Validation exercises within the EU and CEN have shown that migration of phthalates into artificial saliva of several compositions, at neutral pH, were comparable (Bouma and Schakel, 2002; Earls et al. 2003; CSTEE, 1998). Thus, it is expected that phthalate migration into artificial sweat will be comparable with that into artificial saliva and the data obtained from the migration studies using artificial sweat can therefore be extrapolated to migration into artificial saliva. The experiments using artificial sweat are performed under static conditions at 40°C and the content of phthalates in the products used for these experiments is not known. Therefore, no conclusions are possible.
2.2 What are the weaknesses of the Danish study?
The SCHER opinion states:
3.2. General conclusions based on the reviewed study report
In general, the study design and the report contain several weaknesses, which hamper its evaluation and the ability to come to conclusions based on the results.

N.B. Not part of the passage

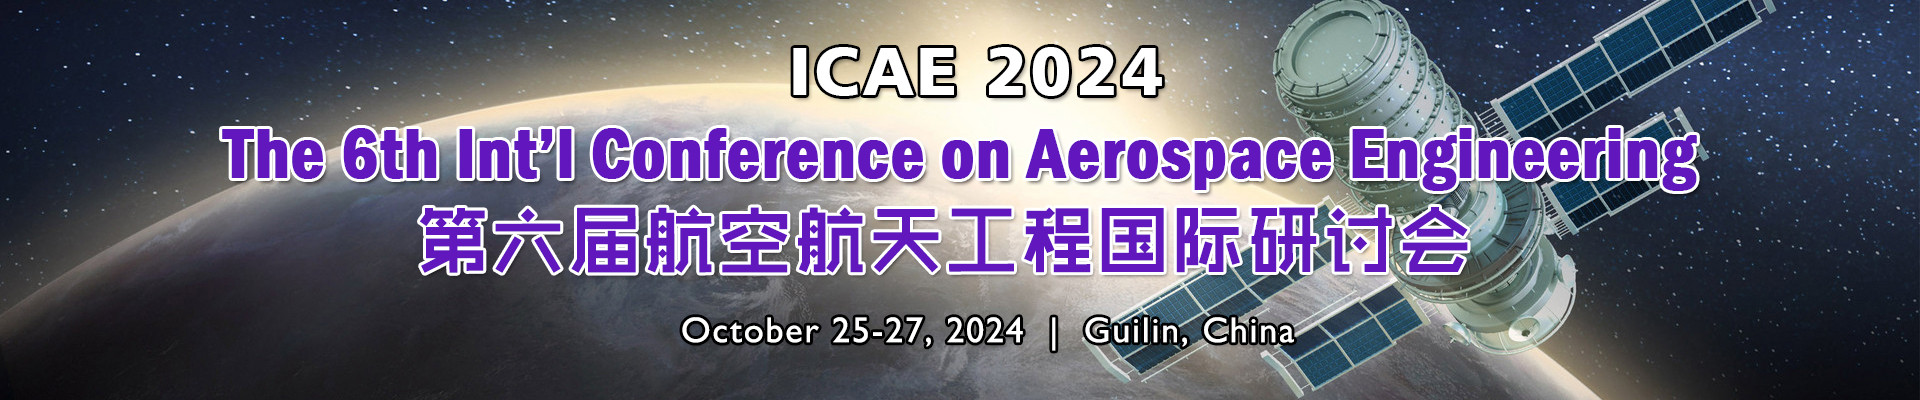 第六届航空航天工程国际研讨会(ICAE 2024)

The report is confusing as not all details required for an evaluation are included; some information is given in the section on exposure, some in the section on risk assessment. Furthermore, only limited and sometimes diverging information on quality assurance of the analyses is provided.
However, SCHER agrees that the presence of phthalates in school supplies other than erasers is of low concern since dermal contact may be the only reasonable exposure pathways for children. Exposure from this pathway is expected to be very limited due to limited skin contact and inefficient dermal uptake.

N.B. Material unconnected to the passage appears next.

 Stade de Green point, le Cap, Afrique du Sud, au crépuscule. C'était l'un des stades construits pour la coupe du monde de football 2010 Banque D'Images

Erasers may be of concern when they contain phthalates. However, based on the report, a science-based risk assessment of this potential exposure cannot be performed due to the following deficiencies in the report:
- The migration of DEHP into artificial saliva (pH 5.0) was only studied from one eraser (DEHP content 44%, w/w) in a 1 g sample cut into small pieces (cubes) with a width of 2-3 mm at 37°C for one hour. This procedure gives a much larger area for migration, and thus results in excessive leaching of the plasticizer. The study authors have calculated a six fold overestimation. The analysis of chemicals migrated into artificial sweat was performed correctly using an extraction technique that only measures dissolved substances. The phthalate data from this investigation are much lower than the DEHP migration from the eraser into artificial saliva.
- Small pieces of the eraser material suspended in the artificial saliva at the end of the migration experiment were not removed before extraction, which may further overestimate DEHP migration.

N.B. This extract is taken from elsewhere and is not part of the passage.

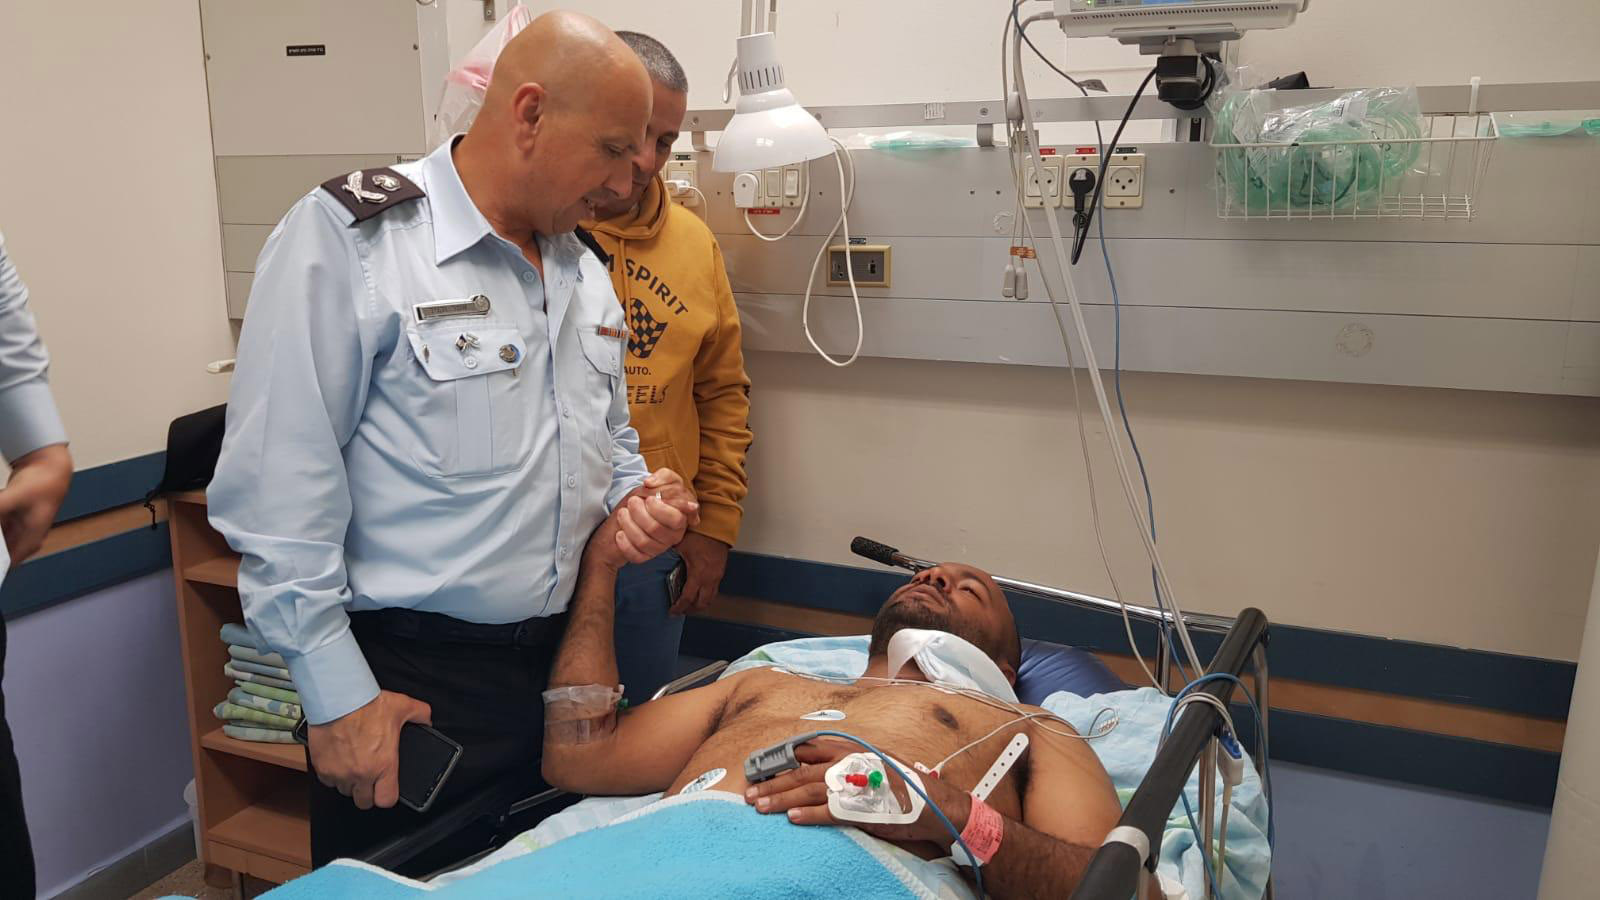 ממלא מקום הנציב, גונדר אשר וקנין, ביקר הלילה בבית חולים סורוקה את קצין שב״ס שהותקף על ידי אסיר ביטחוני בבית סוהר קציעות. (צילום: דוברות שב״ס)

- It is not clear whether the extraction was performed under static or under dynamic (= shaking) conditions since, in a memorandum called “Erasers containing DINP” (Danish EPA, 22 June 2007), the same experiment is described as “the sample was shaken with the artificial saliva”.
- The uncertainty of the determinations has been reported to be 50% - which is considered to be indicative of a low quality of the chemical analyses, especially as stable isotope-labelled DEHP was used as an internal standard.
- To obtain information on a potential phthalate release from swallowed eraser particles, the migration of phthalates should be analysed using artificial gastric juice, normally 0.05% HCl.
In summary, SCHER considers that, due to the many weaknesses in this study and its reporting, firm conclusions on release of DEHP and DINP from the erasers as a basis for an assessment of potential health risk cannot be made.
However, SCHER will use some of the data presented in the Danish EPA report for a screening risk assessment of the exposures to phthalates from erasers to indicate the magnitude of a possible problem and information needs.